Адриано не просто ел, кушал, или какие там ещё слова принято говорить. Он вкушал – я бы именно так сказал – вкушал каждый кусочек, наслаждался его ароматом, вкусом и даже, кажется, цветом. Когда он жевал, то закатывал глаза, буквально закатывал, так что были видны красные прожилки белков, и весь отдавался процессу. Думаю, представляете себе такое зрелище. Само собой, что остальные сидевшие за столом были от этого совсем не в восторге. В экспедиции по распорядку питание было трёхразовым, да и то всё основное мы съедали за завтраком, а потом уже становилось жарко, и хотелось только пить. Обед проходил совсем скромно, на ужин – лёгкие закуски и лимонады из морозилки. Но Адриано… О, Адриано никак не устраивало такое положение дел.
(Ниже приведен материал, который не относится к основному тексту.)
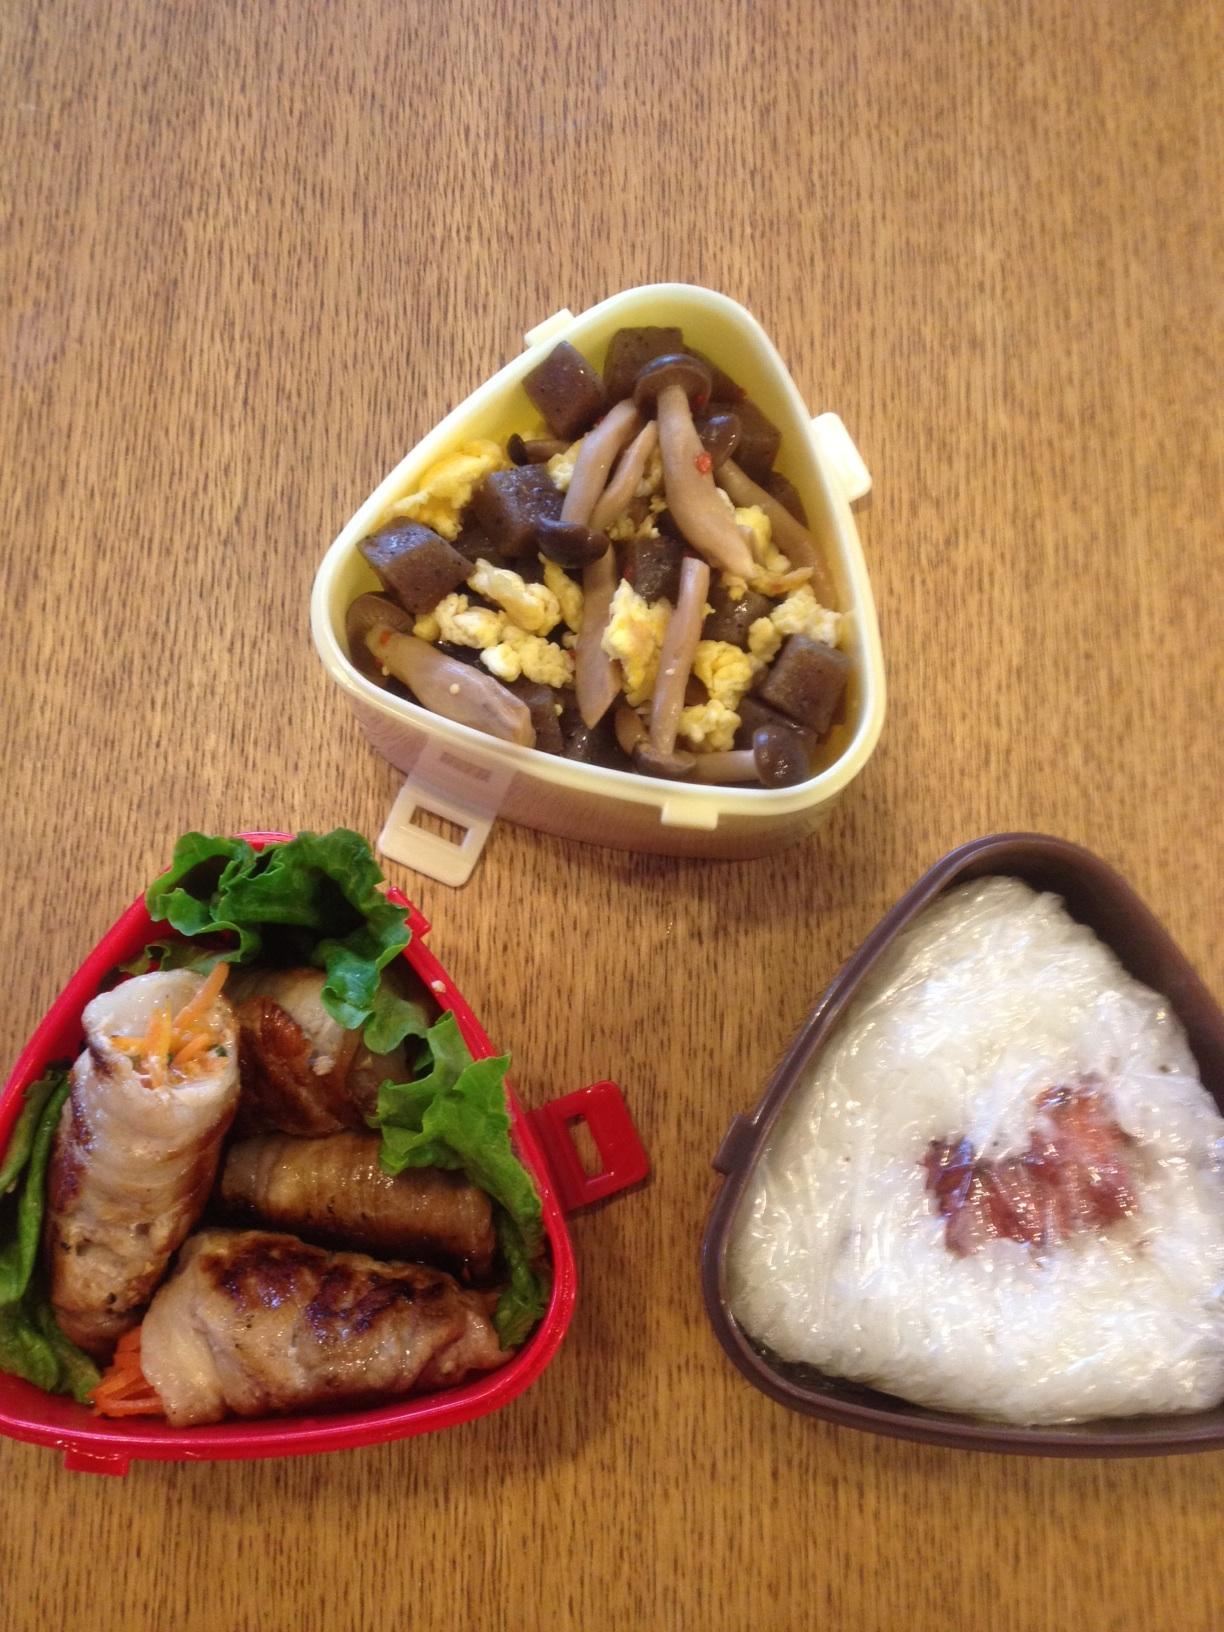 http://sorakikaku.com/maruyamamiki/files/0316.jpg

Он питался пять, если не все шесть раз в день. И как питался! За столом он всегда засиживался дольше всех – да мы, как понимаете, и не горели желанием наблюдать за его едой. Мне думалось иногда, как же он не лопнет от обжорства – но нет, Адриано был всё так же беспечен, весел и лёгок на подъём. Настоящий феномен, что тут скажешь!
Помню, как-то вечером, когда мы вдоволь налазились по окружающим джунглям, все собрались за столом. Адриано с непередаваемым наслаждением уплетал огромную яичницу из дюжины яиц, смачно посыпая её перцем. Профессор Хименес, который смотрел на это с явным неприятием, неожиданно заметил:
“А скажите, Адриано, неужели вас ничто, кроме еды, на свете больше не привлекает?”
Все замолчали, это было в новинку: обычно мы с нашим великаном старались не говорить на болезненную тему. Но профессор весь насупился, чувствовалось, что он настроен серьёзно.
Адриано внимательно посмотрел на профессора, усмехнулся, повертел в воздухе вилкой и ответил:
“Как сказать, господин профессор. Мне много что интересно, да вот, видите ли, еда – это ведь постоянное, это ведь не изменишь и не запретишь, еда – она еда и есть”.
“Само собой, Адриано, еда нужна нам всем, глупо было бы недооценивать её значение, но мне кажется, что вы создаёте настоящий культ пищи. Вы смакуете её с таким видом, как будто ничто не может быть прекраснее, как будто всё остальное… это пустое, понимаете, пустота!”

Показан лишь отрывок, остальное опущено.